Die Zusammenarbeit mit der SPÖ wurde aber keineswegs aufgekündigt, ja sie wurde unter Sauerzopf noch intensiviert. Das ging so weit, dass man sich zur wechselseitigen Vorinformation und zur gemeinsamen Information der Öffentlichkeit verpflichtete. Erstmals wurde - der immer heftiger werdenden Kritik der Öffentlichkeit und der Opposition Rechnung tragend - vereinbart, Objektivierungsrichtlinien für die Personaleinstellung im Verwaltungs- und Schulbereich auszuarbeiten.

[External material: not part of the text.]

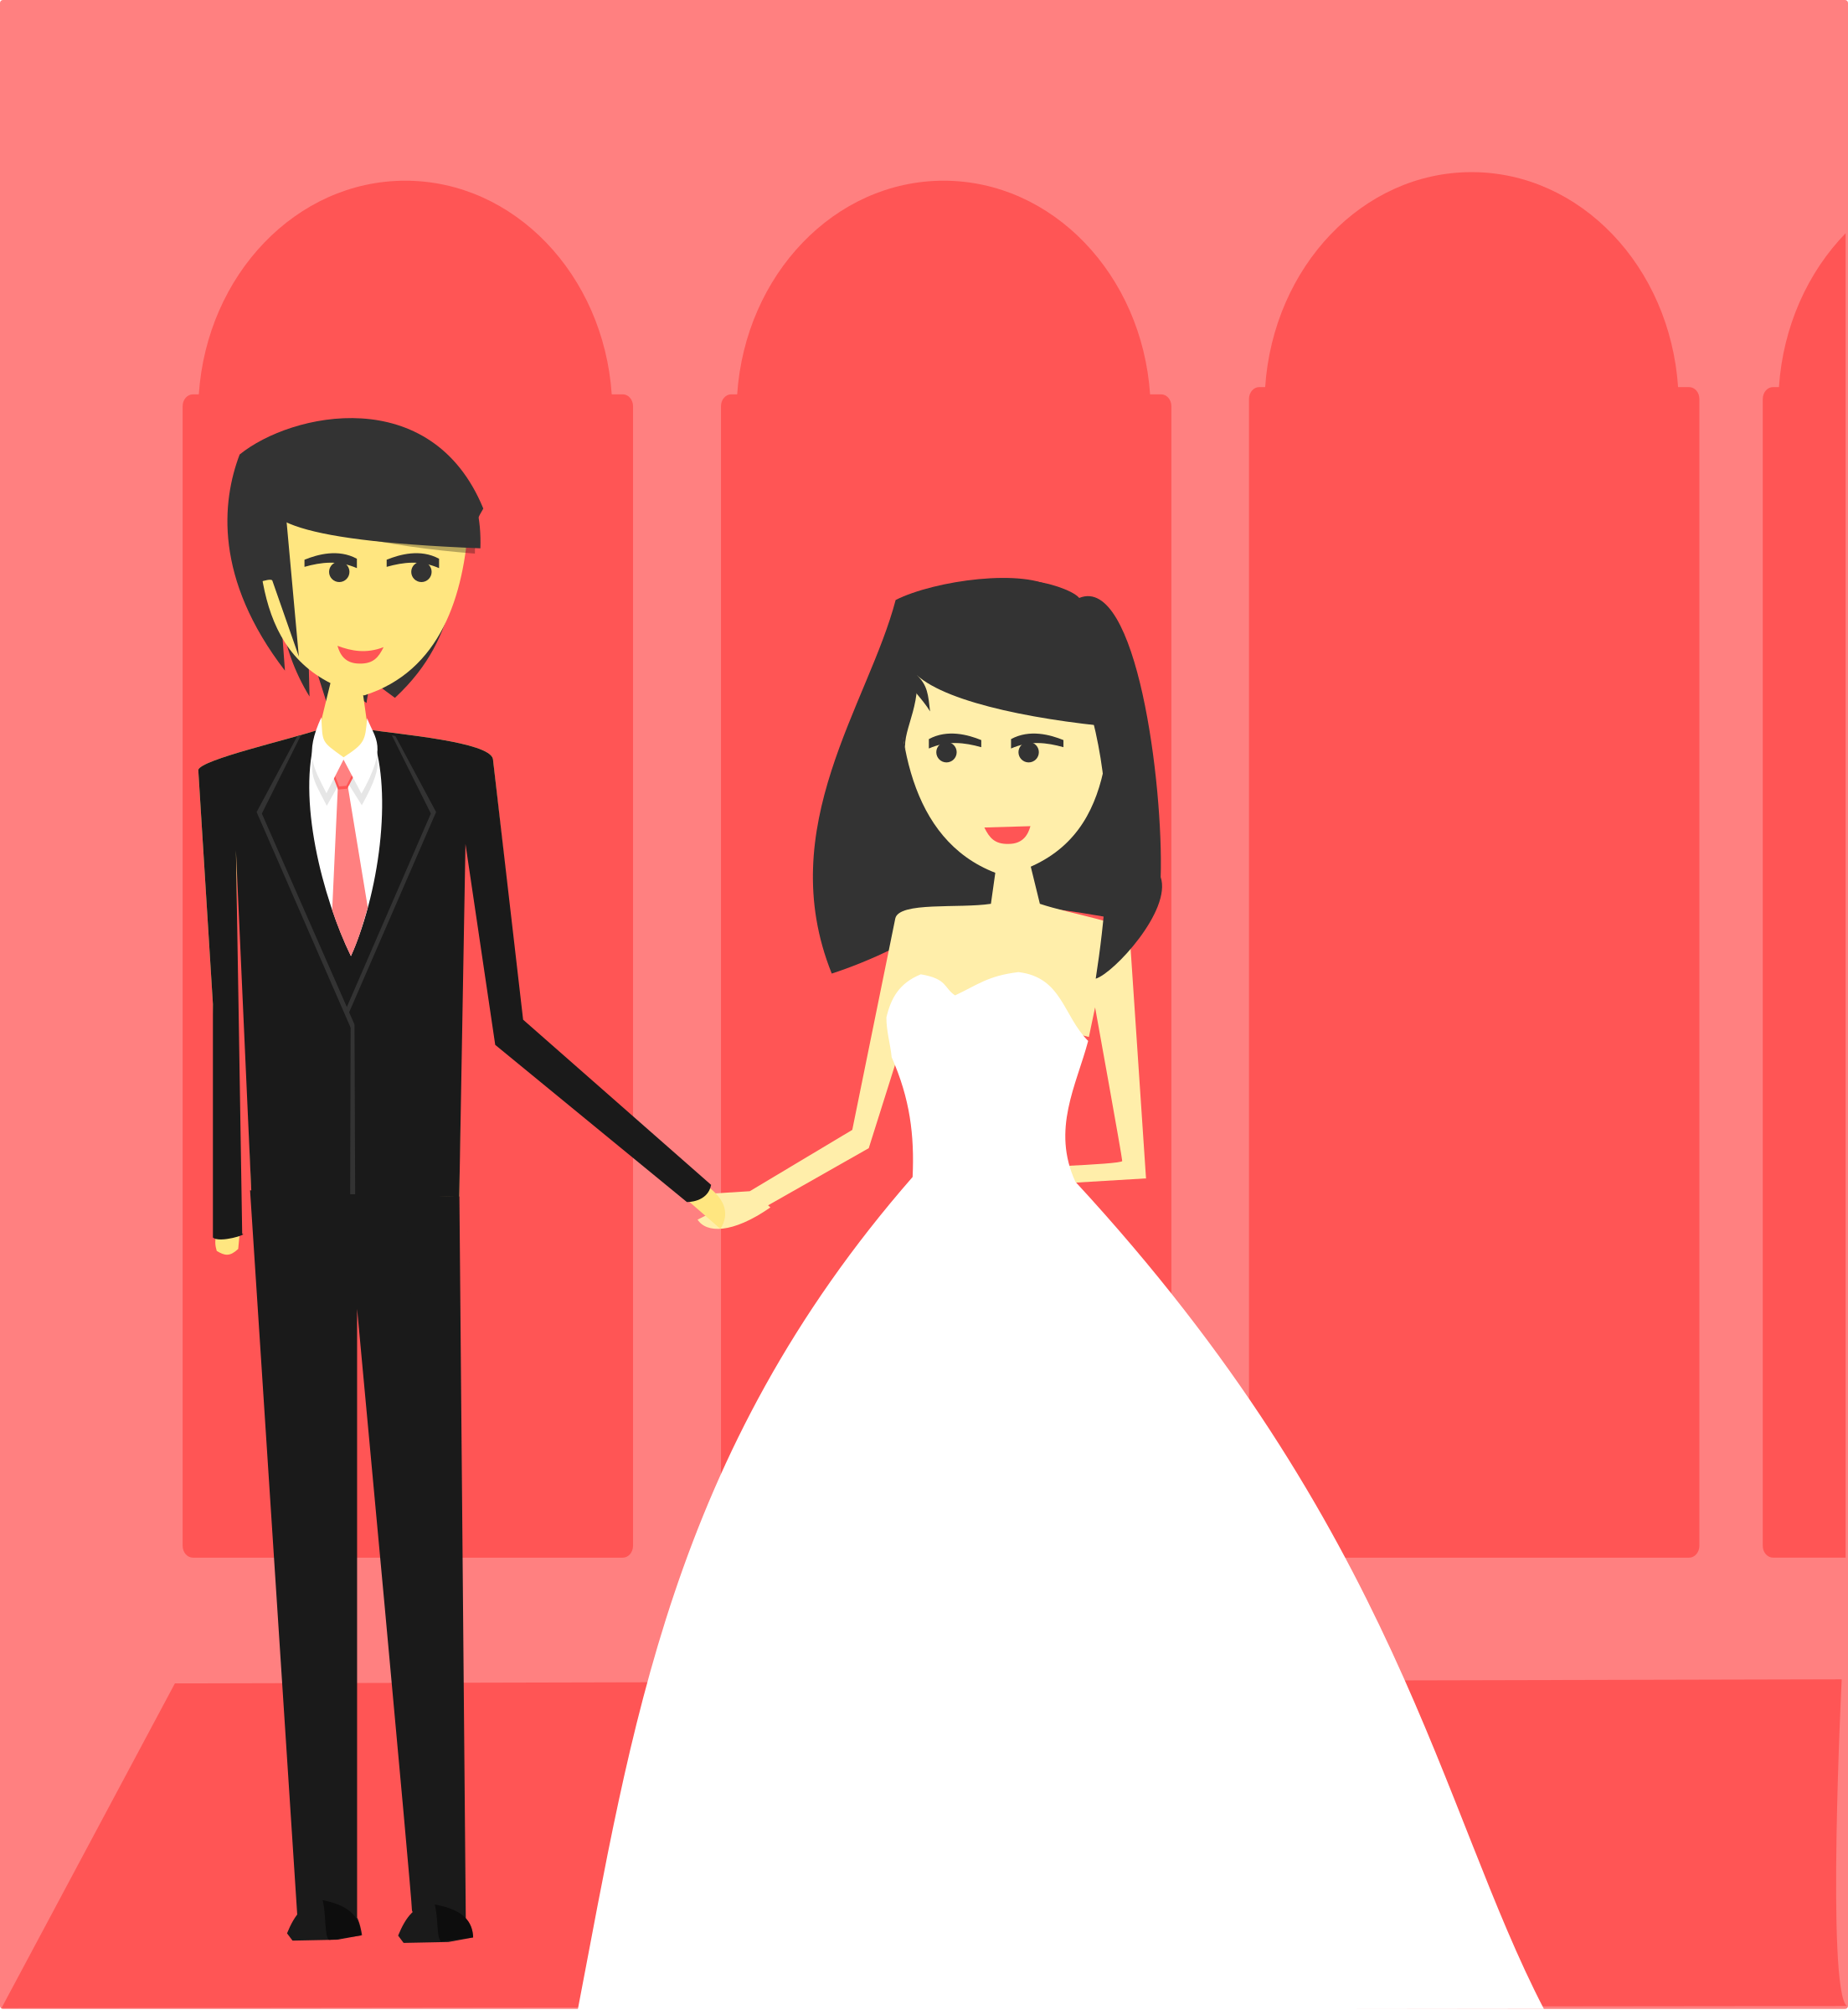 Download Bride and Groom Wedding Vector Clipart image - Free stock ...

Bald zeigte sich aber, dass die Großparteien unter Objektivierung recht verschiedenes verstanden. Die SPÖ beschloss ein Objektivierungsgesetz, die ÖVP initiierte dagegen eine Volksabstimmung.
Ende März 1987, nach einigen Spekulationen um die Vorverlegung der Wahl, legte Kery die Ziele für seine Partei fest: Eindeutige Mehrheit von über 50 % und von 19 Mandaten. "Wir haben die Glaubwürdigkeit, die Leistungen und den Willen zur Verantwortung auf unserer Seite." Kery legte also die Latte hoch, obwohl er wusste und zugab, dass der "Trend" gegen die führende Partei ging. Im Juni 1987 übernahm der erweiterte Landesparteivorstand dieses Ziel. Es war aber auch in weiten Parteikreisen durchaus klar, dass das Ergebnis diesmal nicht so eindeutig für die SPÖ ausfallen würde.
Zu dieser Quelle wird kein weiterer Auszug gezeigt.